Empresa japonesa planeja construir um anel de painéis de energia solar na lua

Empresa japonesa planeja construir um anel de painéis de energia solar na lua
Empresa japonesa planeja construir um anel de painéis de energia solar na lua

A ideia parece saída de um filme de ficção científica: gerar energia solar na Lua e enviá-la para a Terra. Apesar do impacto da proposta, ela não surgiu como boato de internet, mas como um conceito real de engenharia futurista.

O projeto ficou conhecido como Luna Ring e foi proposto pela Shimizu Corporation, uma das maiores empresas de engenharia do Japão. A proposta imagina a construção de um enorme cinturão de painéis solares ao longo do equador lunar, com aproximadamente 11 mil quilômetros de extensão, capaz de captar energia solar de forma praticamente contínua.

Na Lua, diferente da Terra, não há nuvens, chuva ou atmosfera para interferir na incidência da luz do sol. Além disso, regiões próximas ao equador lunar recebem longos períodos de iluminação, o que tornaria o local extremamente eficiente para a geração de energia solar.

Segundo o conceito, a eletricidade produzida seria convertida e enviada à Terra por meio de micro-ondas ou feixes de laser, captados por estações receptoras no planeta e transformados novamente em energia utilizável.

A ideia é ambiciosa, impressionante e, ao mesmo tempo, cercada de enormes desafios.

O que torna o projeto tão difícil?

Embora tecnicamente plausível na teoria, a execução de um projeto dessa escala enfrenta obstáculos gigantescos.

Construir qualquer estrutura na Lua já é extremamente complexo. Transportar materiais da Terra tem custos astronômicos, e a alternativa — utilizar recursos lunares — exigiria uma infraestrutura industrial que ainda não existe fora do nosso planeta.

Além disso, a montagem e manutenção de milhares de quilômetros de painéis solares dependeriam de robôs altamente avançados, capazes de operar em condições extremas de temperatura, radiação e poeira lunar.

  • Transmissão de energia

Enviar energia por micro-ondas ou lasers através do espaço é algo que já foi testado em pequena escala, mas nunca aplicado de forma contínua, global e segura. Há preocupações com eficiência, dispersão do feixe, interferências e, principalmente, segurança, já que qualquer desvio poderia causar danos.

  • Custos

Mesmo com avanços recentes na indústria espacial, como a reutilização de foguetes, os custos de um projeto desse porte seriam trilionários, exigindo cooperação internacional e décadas de investimento contínuo.

O Tratado do Espaço e a questão legal

Existe ainda um obstáculo menos visível, mas igualmente importante: o Tratado do Espaço Exterior, assinado em 1967.

Esse acordo internacional estabelece que nenhum país ou empresa pode reivindicar soberania sobre a Lua ou outros corpos celestes.
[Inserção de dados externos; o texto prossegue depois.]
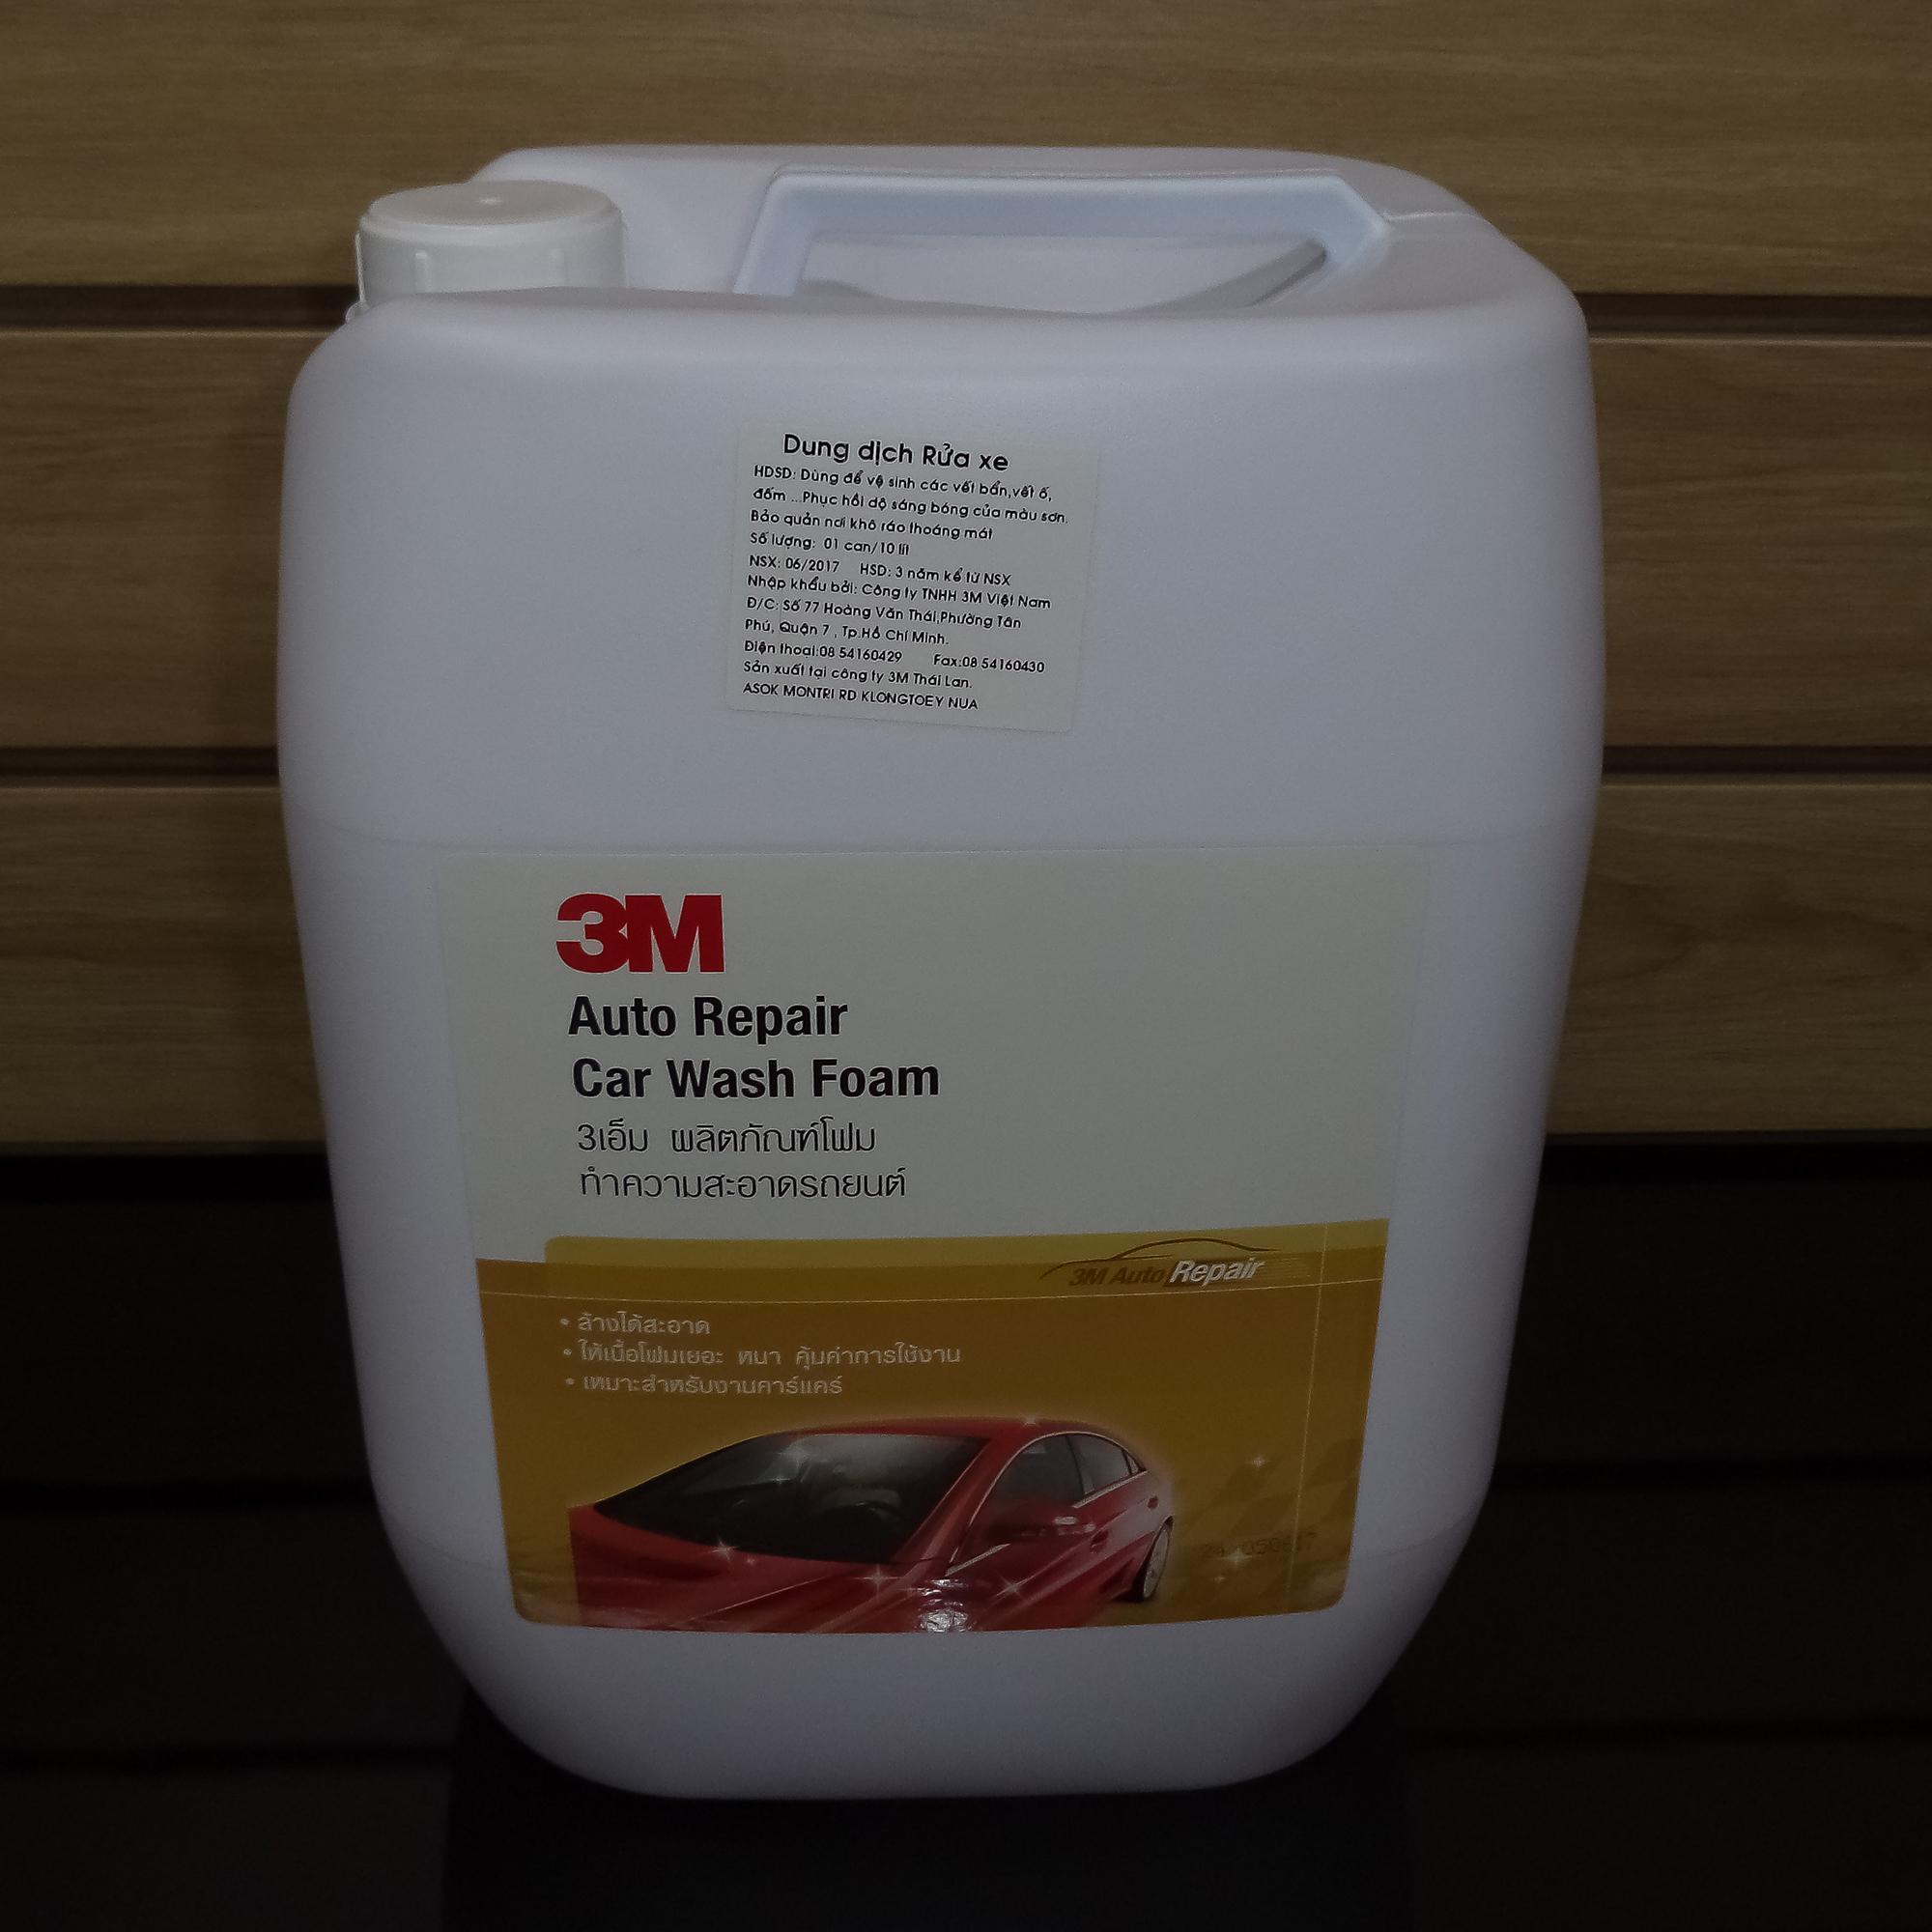 xà phòng rửa xe 3M

A Lua é considerada patrimônio comum da humanidade.

Isso levanta questões fundamentais:

  • Quem seria responsável pela estrutura?
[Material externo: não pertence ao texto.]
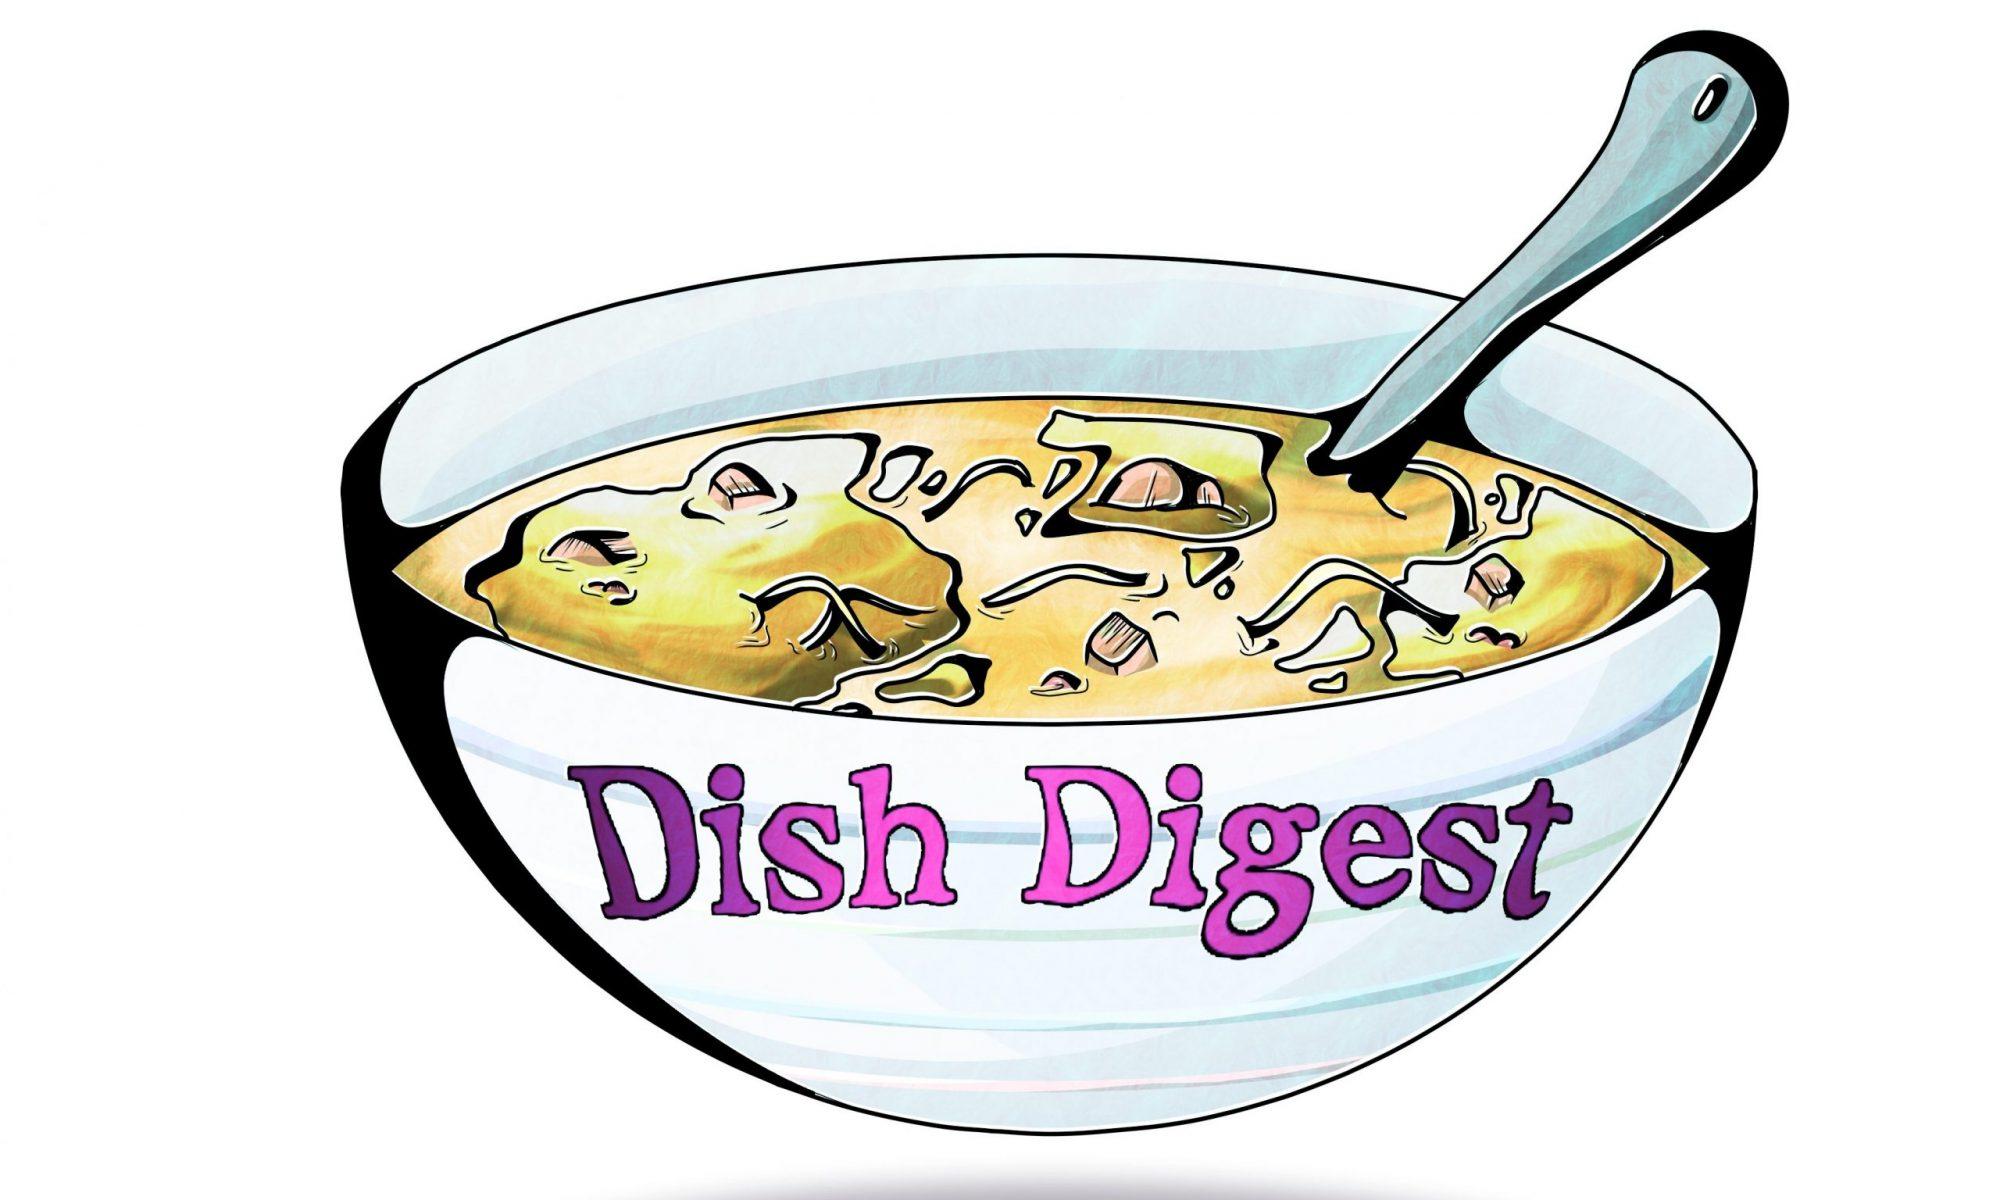 Dish Digest

  • Quem controlaria a energia gerada?

  • Como garantir que um projeto desse porte não crie desigualdades globais ou disputas geopolíticas?
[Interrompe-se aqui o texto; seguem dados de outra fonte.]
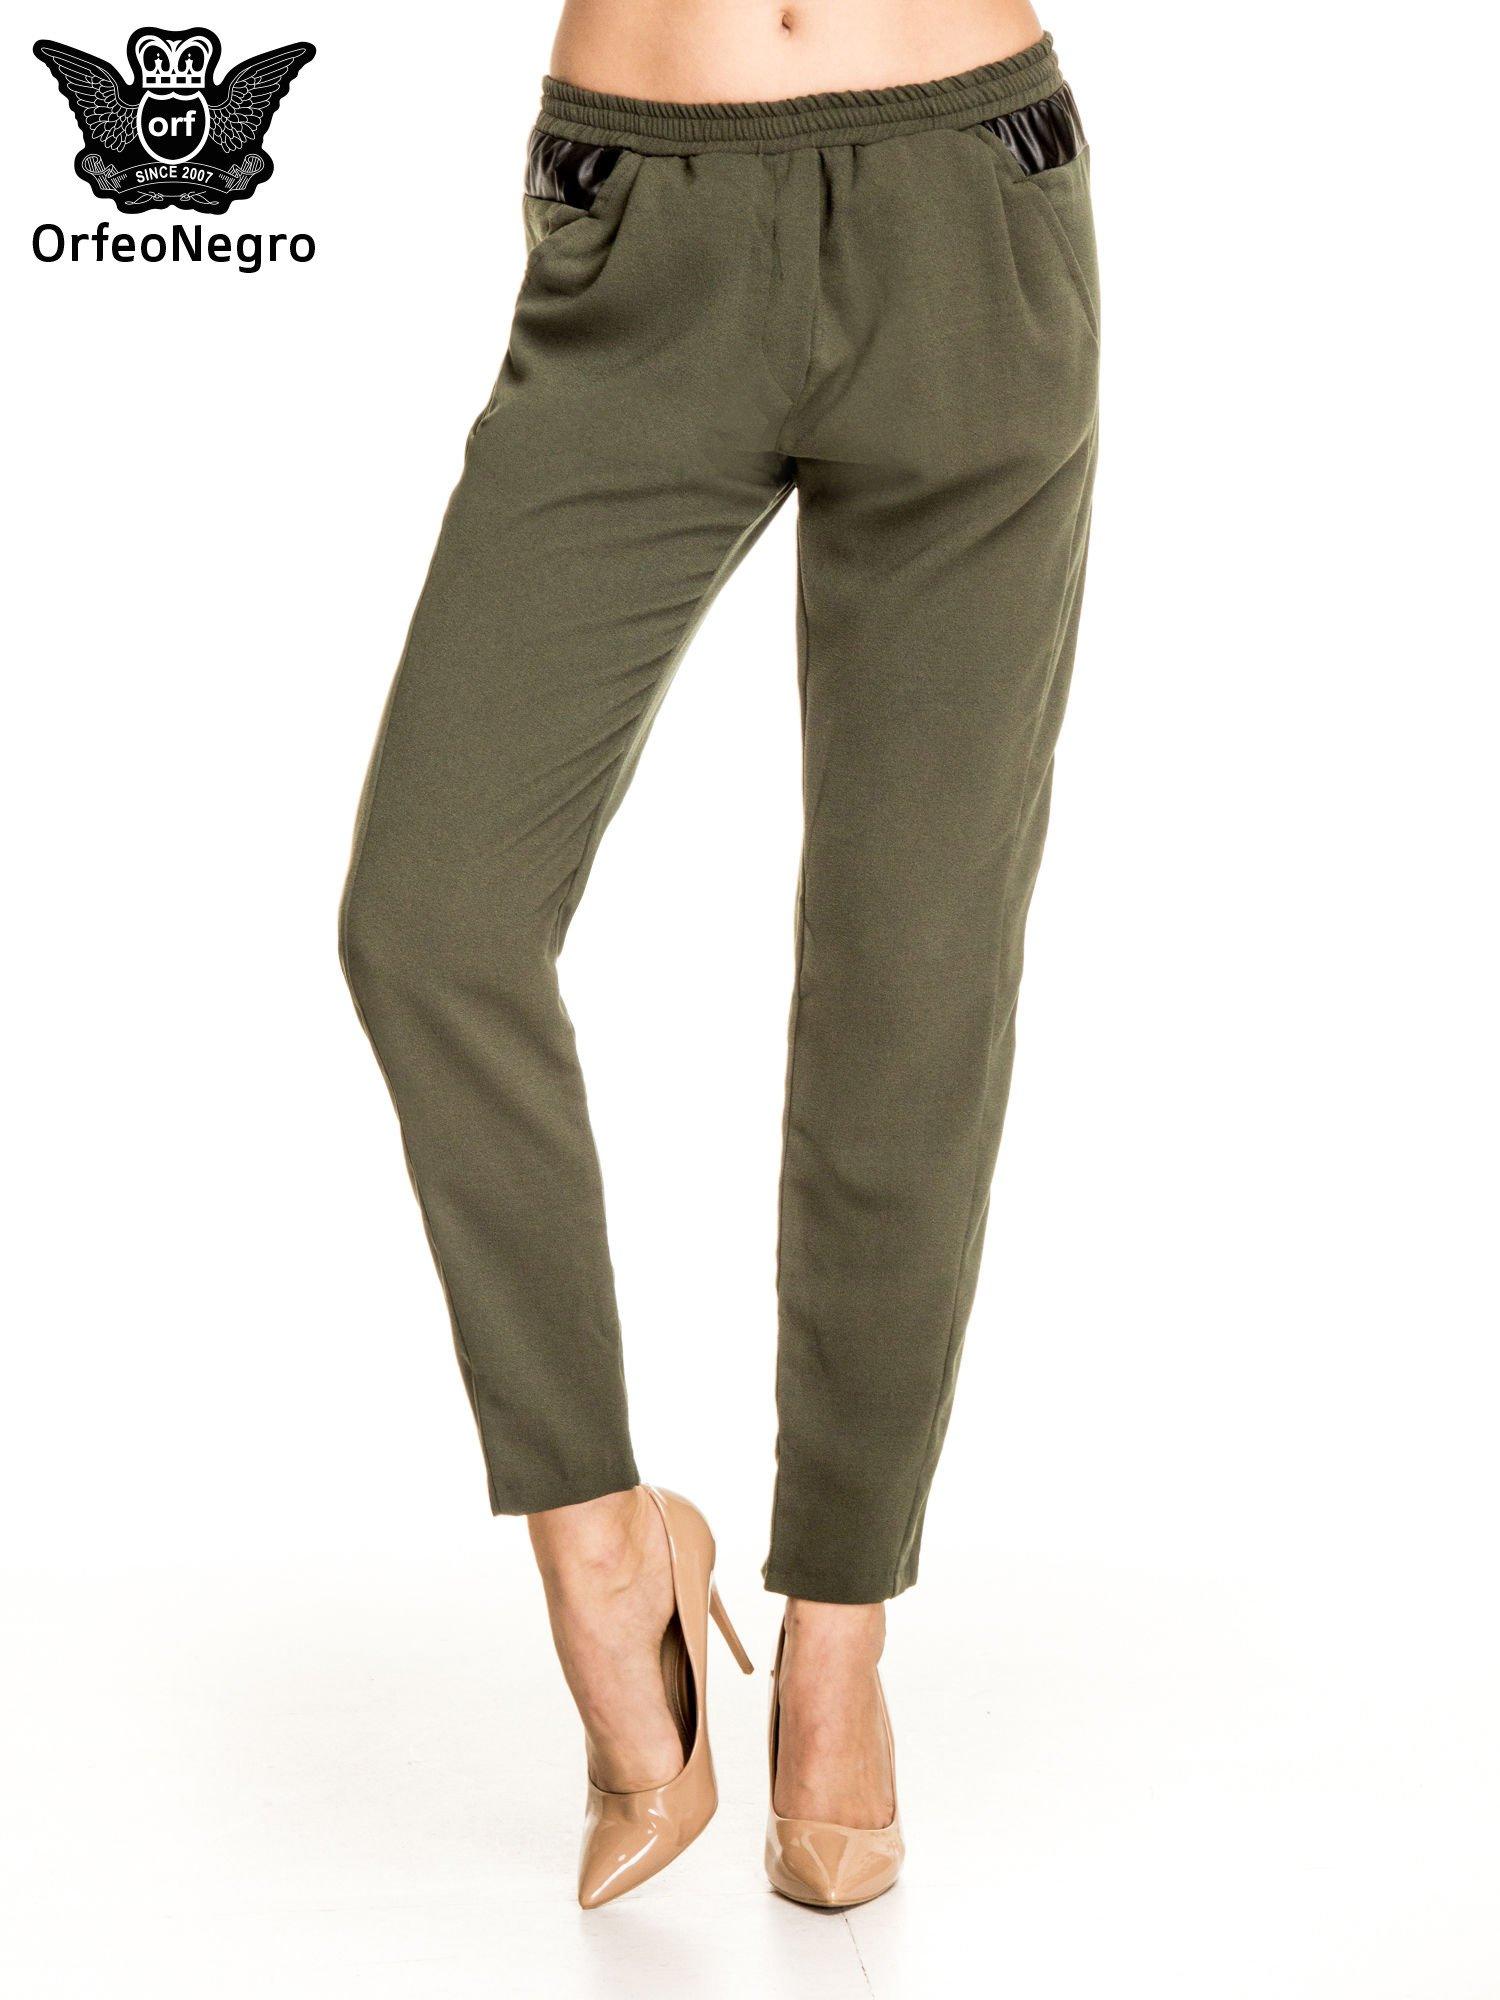 Khaki spodnie materiałowe ze skórzaną wstawką                                   zdj.                                  1

Antes mesmo de qualquer obra começar, seria necessário um novo nível de consenso internacional, algo raro mesmo aqui na Terra.

E a tal previsão para 2035?

Datas como “2035” aparecem com frequência em publicações sobre o tema, mas é importante deixar claro: não existe cronograma oficial.

Essas datas representam estimativas teóricas, baseadas na suposição de avanços tecnológicos acelerados, redução drástica de custos espaciais e acordos internacionais — cenários que, até agora, não se concretizaram.

Na prática, o Luna Ring permanece como um exercício de engenharia conceitual, usado para explorar limites tecnológicos e inspirar soluções futuras para a crise energética global.

Por que essa ideia ainda importa?

Mesmo longe da execução, o projeto não é irrelevante. Pelo contrário.

Ele ajuda a:

  • pensar alternativas de energia limpa e contínua;

  • impulsionar pesquisas em transmissão de energia sem fio;

  • estimular o debate sobre o uso responsável do espaço;

  • e mostrar como a engenharia pode projetar soluções muito além do presente imediato.

Mais do que um plano pronto para sair do papel, o Luna Ring é um símbolo de até onde a imaginação técnica pode chegar – e dos limites que ainda precisamos superar.

Entre o sonho e a realidade

A ideia de alimentar a Terra com energia vinda da Lua ainda está distante de se tornar realidade. Ela não é uma promessa, nem uma solução iminente para os problemas energéticos do planeta. Mas também não é apenas fantasia.

É um lembrete de que o futuro da energia, da ciência e da cooperação internacional depende tanto de tecnologia quanto de decisões políticas, econômicas e éticas.

Por enquanto, o anel solar lunar segue existindo onde muitas grandes ideias começam: no papel — e na imaginação.